**Problem statement**
The response should be an exact transcription of the data below, free of images.

--- Information supplied Enclosed Below ---

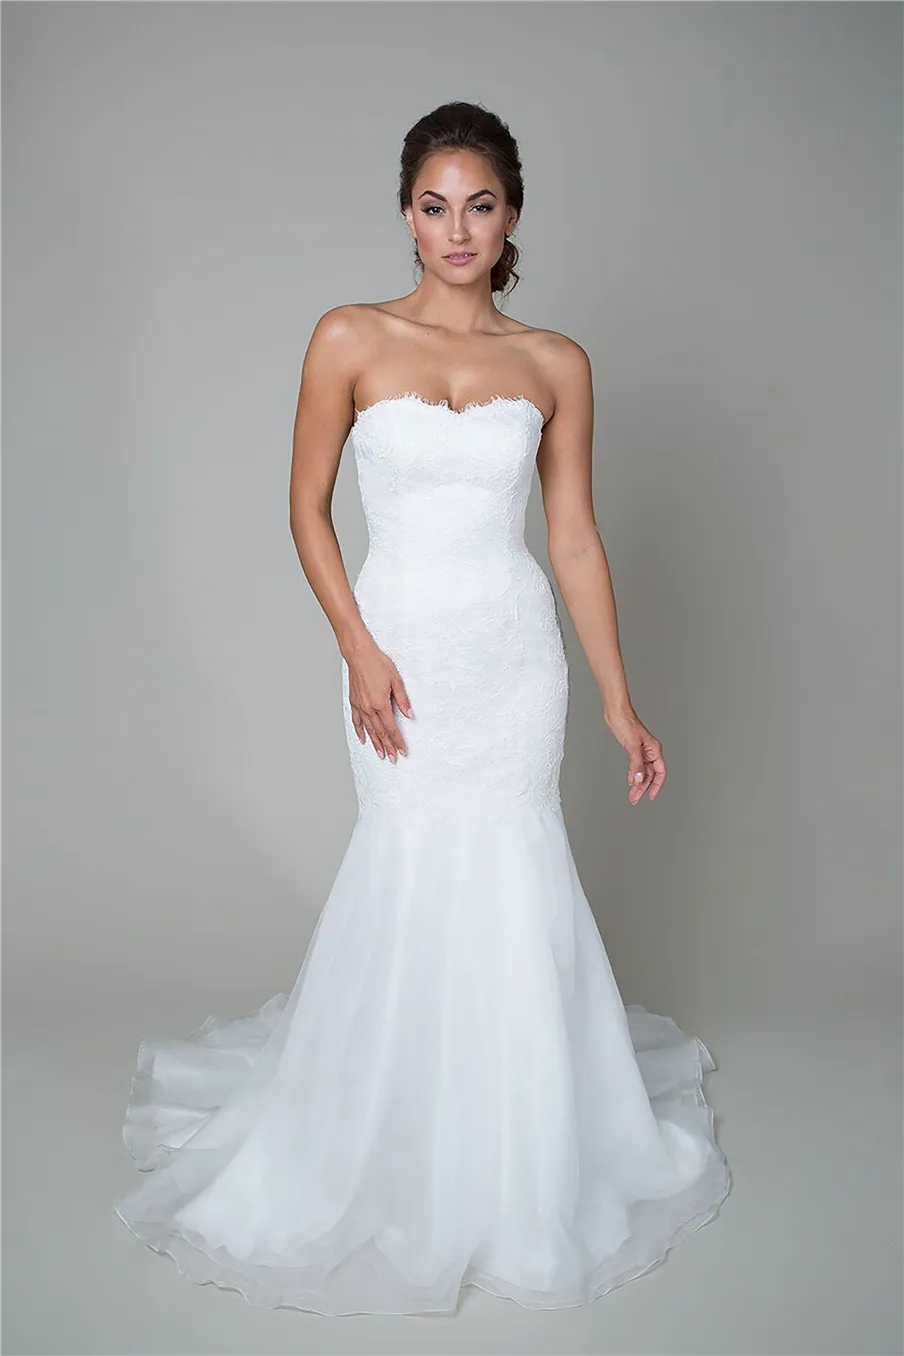 La robe de mariée de style trompette comprend une taille basse, un décolleté en cœur, une jupe fluide en organza et une robe de mariée en dentelle avec cordon
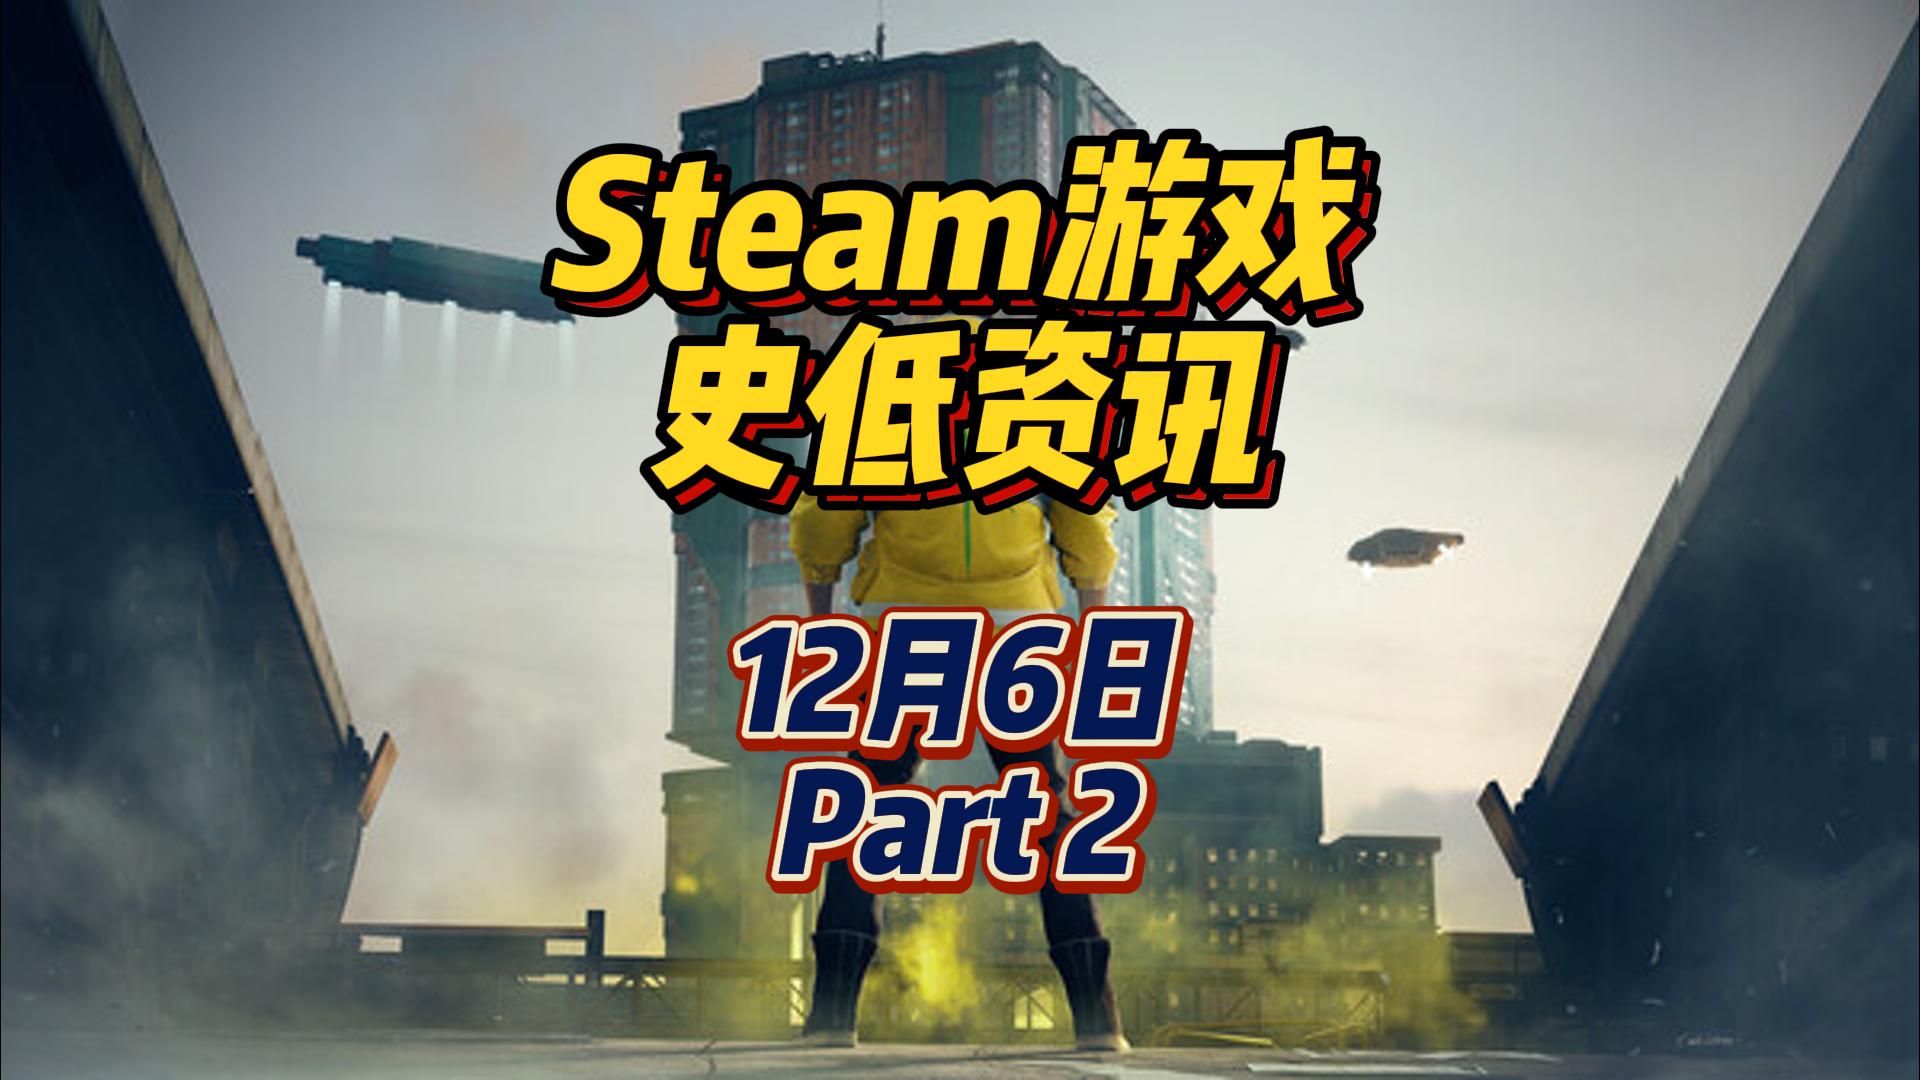 赛博朋克 2077 终极版新史低，12 月 6 日 Steam 史低游戏 Part 2
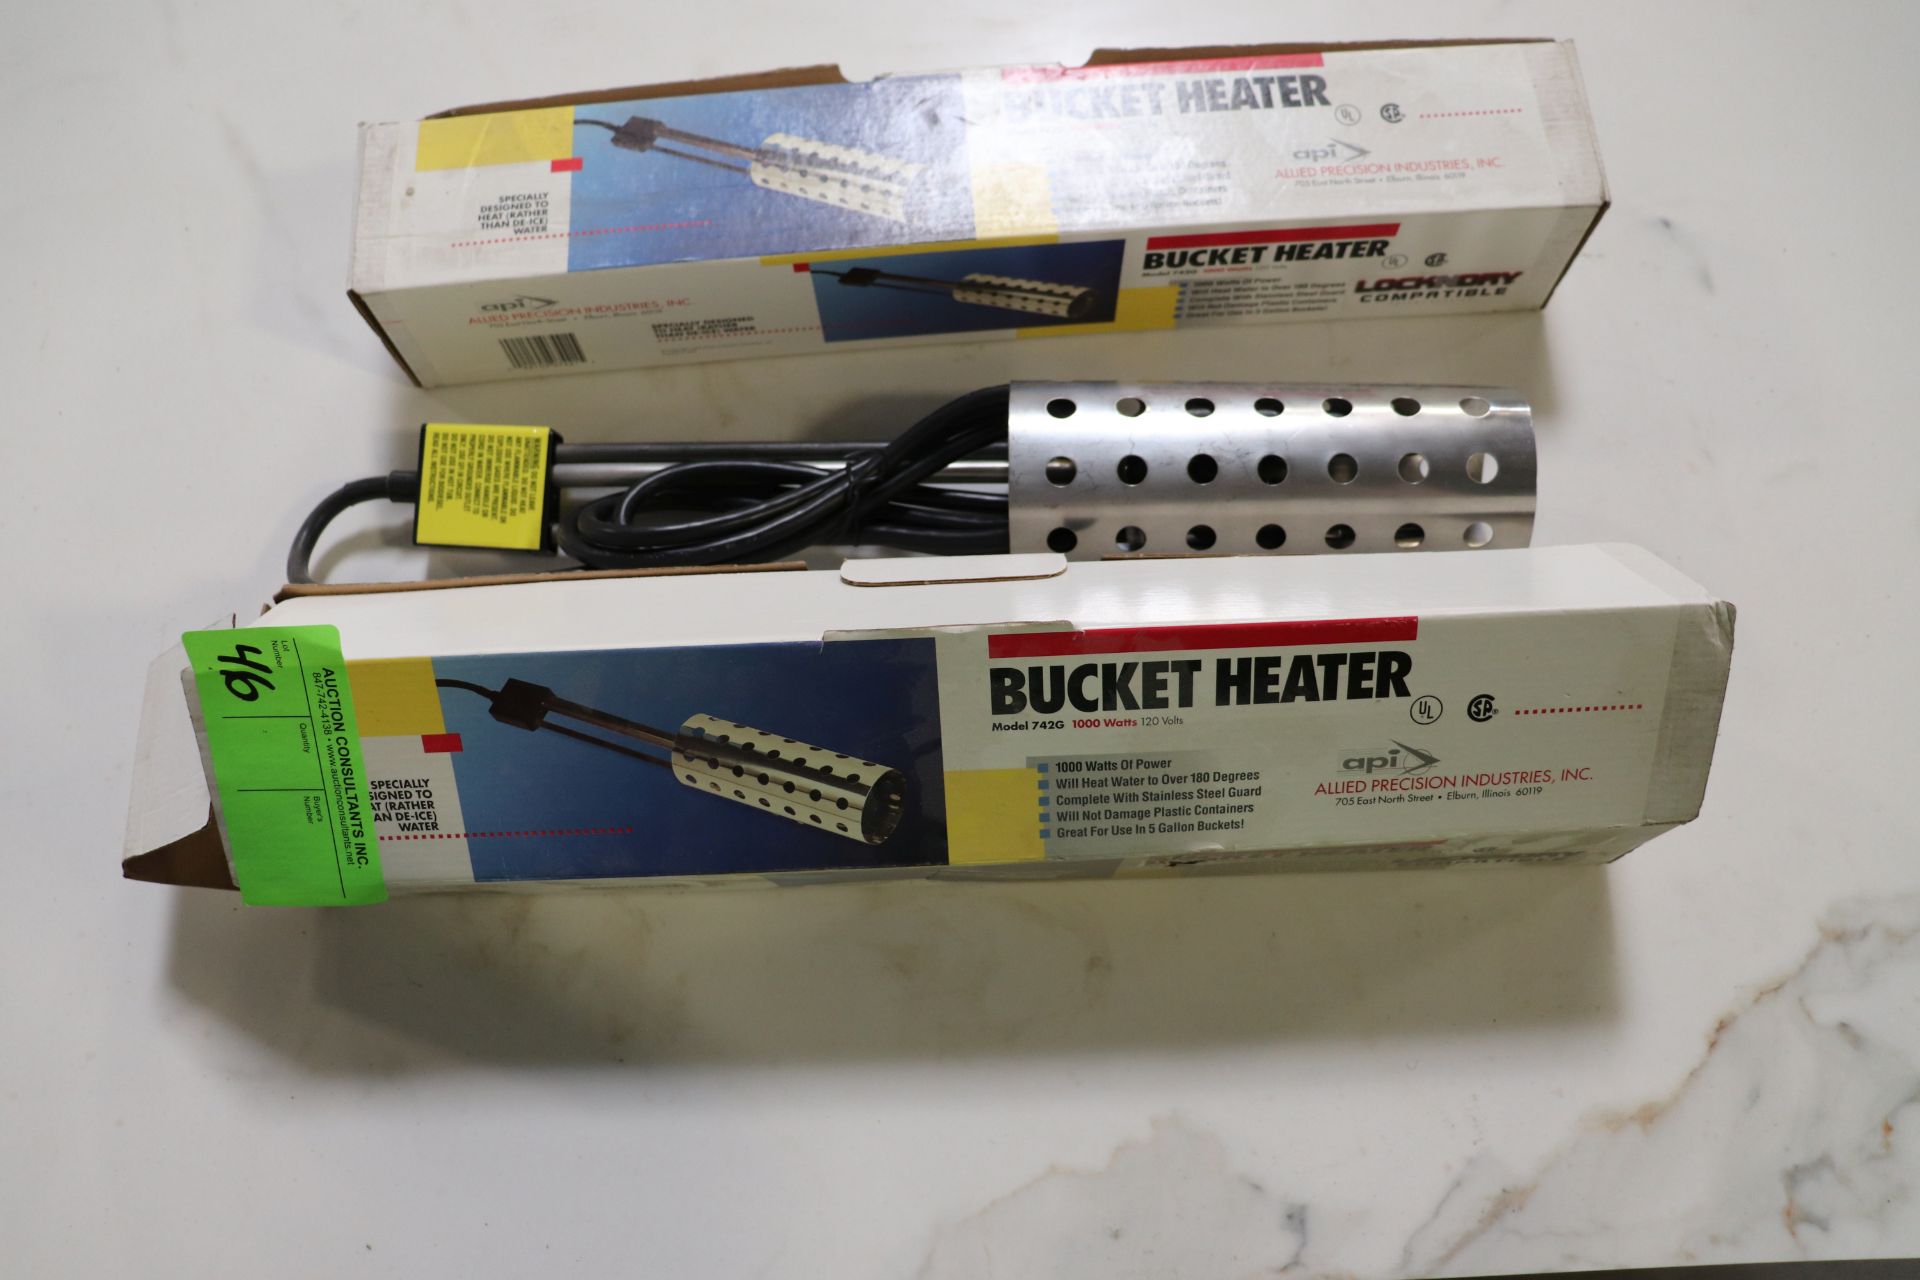 Two Lockndry compatible bucket heaters, model 742G, 1000-watt

--- End of Enclosed Information supplied ---

**Response area**
 La robe de mariée de style trompette comprend une taille basse, un décolleté en cœur, une jupe fluide en organza et une robe de mariée en dentelle avec cordon
 赛博朋克 2077 终极版新史低，12 月 6 日 Steam 史低游戏 Part 2
 Two Lockndry compatible bucket heaters, model 742G, 1000-watt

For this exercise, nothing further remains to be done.